Admits to using TCP reset packets to "delay" P2P file uploads
Comcast’s critics aren’t backing down after the company defended its traffic management practices in an FCC filing this week by asserting that its tactics fall well within the bounds of reasonable network management practices.
Comcast’s critics aren’t backing down after the company defended its traffic management practices in a FCC filing last week by asserting that its tactics fall well within the bounds of reasonable network management practices.
Comcast has been under fire from advocacy groups such as the Electronic Frontier Foundation and the Free Press since last October when the Associated Press reported that the company was actively interfering with some of its customers’ ability to share files online.
Essentially, the AP has reported, Comcast has been employing technology that is activated when a user attempts to share a complete file with another user through peer-to-peer technology such as BitTorrent and Gnutella. As the user is uploading the file, Comcast sends a message to both the uploader and the downloader telling them that there has been an error within the network and that a new connection must be established. Because the message sent to users does not appear to be sent directly from Comcast, many critics have accused Comcast of sending forged or spoofed packets that they say are deceiving to consumers.
In Comcast’s filing with the FCC, which came a little more than a month after FCC Chairman Kevin Martin announced that the FCC would investigate complaints about Comcast’s P2P traffic-blocking, the company came out swinging against its critics by accusing them of using “extremist rhetoric” and “inflammatory hyperbole” in their accusations. Comcast says that it only interferes with P2P traffic when such traffic is at a high enough level to “degrade the activities” for all of its high-speed Internet customers.
Comcast acknowledges in its filing that it sends out TCP reset packets to delay or stop P2P uploads. The company vehemently denies, however, that these TCP RST packets are “forged” and insists that they are only used “to signal that there is an error condition” on the network.

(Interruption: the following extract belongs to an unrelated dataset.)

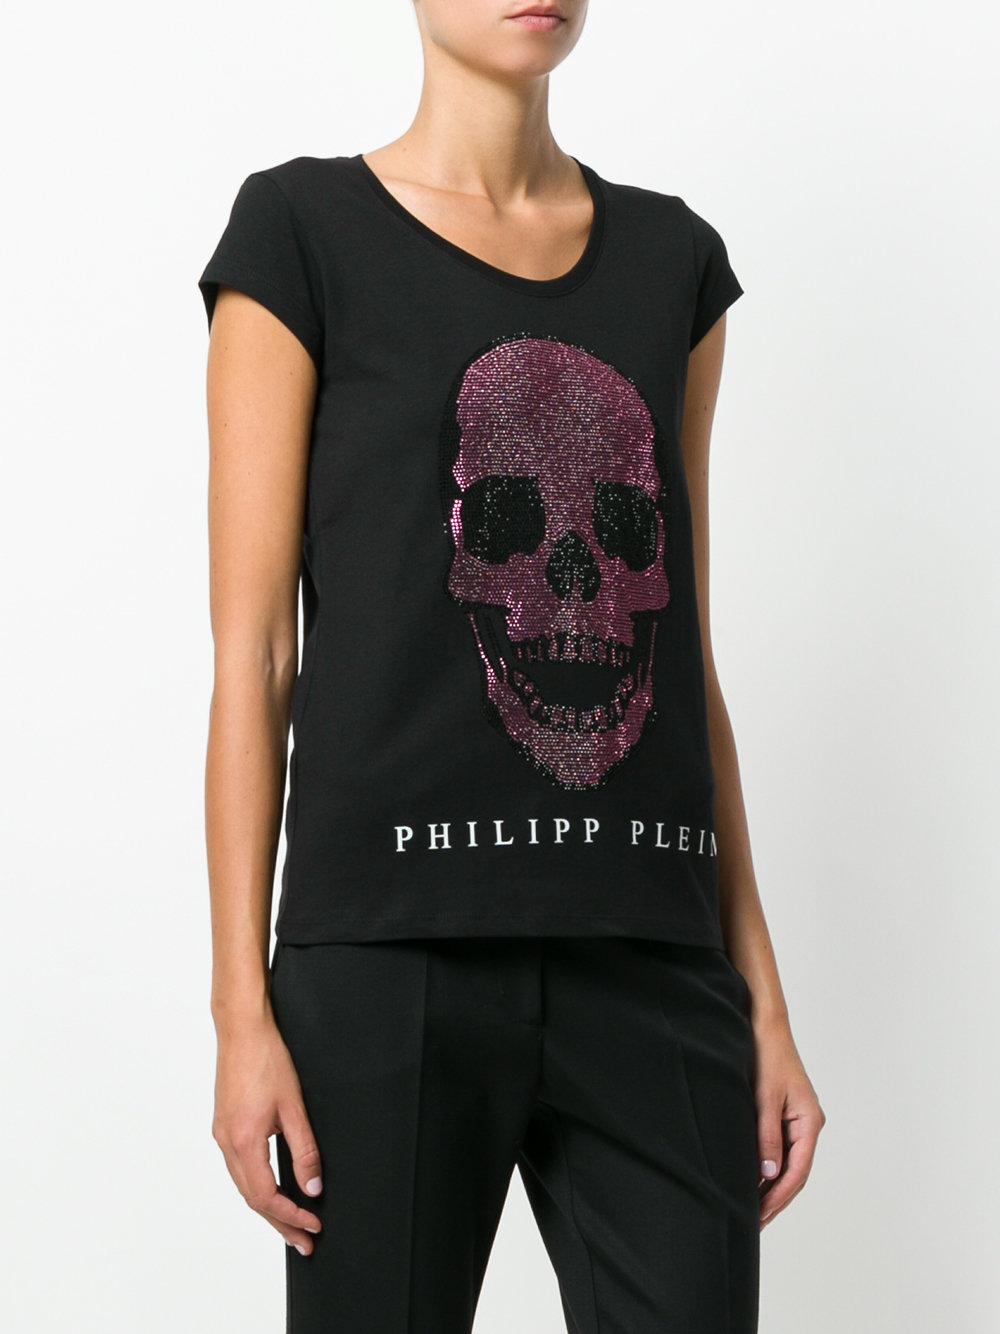 Aankoop >philipp plein swarovski t shirt Grote uitverkoop - OFF 75%

“This action is nothing more than the system saying that it cannot, at that moment, process additional high-resource demands without becoming overwhelmed,” writes Comcast, which compares its methods with those of “a traffic ramp control light [that] regulates the entry of additional vehicles onto a freeway during rush hour.”
Comcast’s critics, however, take issue with how the company characterizes its methods. For instance, when the EFF first tested Comcast’s network for TCP RST packet use, it noted that such that such packets were not present in similar tests it conducted on connections provided by AT&T, Sonic or overseas ISPs. As the EFF noted at the time, several other ISPs have to deal with users that hog bandwidth on their networks, and many of them use tactics such as dynamic per-user traffic shaping that mitigate individual user’s impact on their network by setting limits on how much data-per-second any user can transmit.
Additionally, the EFF says that it found no evidence in its tests to show that Comcast only targeted its jamming efforts at excessive bandwidth consumers, and that Comcast has sent TCP RST packets for BitTorrent file uploads that ranged from 500KB to 500MB. Finally, the EFF says that Comcast’s claim to use TCP RST packets only to delay the transfers of files over P2P networks is misleading because “at a low level, the forged RST packets cause the targeted TCP connections to die as soon as computers try to establish them.”
Seth Schoen, the EFF’s staff technologist, says Comcast’s decision to employ TCP RST packets to manage heavy traffic is puzzling because it has created such a public backlash against the company.
“Comcast has been subject to class-action litigation, an FCC complaint, and lots of public criticism for doing this,” he says. “It’s also clear that some portion of its users are angry about the fact that this is happening, or about the way Comcast misled them about the source of the problem when they tried to ask tech support what was wrong.”
The Free Press has been similarly unbowed in its criticism of Comcast. In comments filed with the FCC this week, the advocacy group accused Comcast of blocking traffic from BitTorrent and Gnutella to bolster their own online offerings, such as Fancast. The Free Press also shared the EFF’s view that Comcast’s claims to be merely “delaying” P2P file transfers to be misleading and accused the company of employing “anti-competitive tactics to maintain market advantage.”
“Comcast is making a desperate attempt to spin its Internet blocking,” says Marvin Ammori, general counsel for the Free Press. “Cut through all the jargon, and this much is clear: Comcast isn’t managing bandwidth hogs, it’s undercutting competition.”
The FCC officially began investigating the Comcast controversy last month when the Wireline Competition Bureau announced that it was seeking public comment on a Free Press petition that claimed Comcast’s P2P blocking violated the FCC’s Internet Policy Statement. The deadline for filing comments with the bureau is February 28.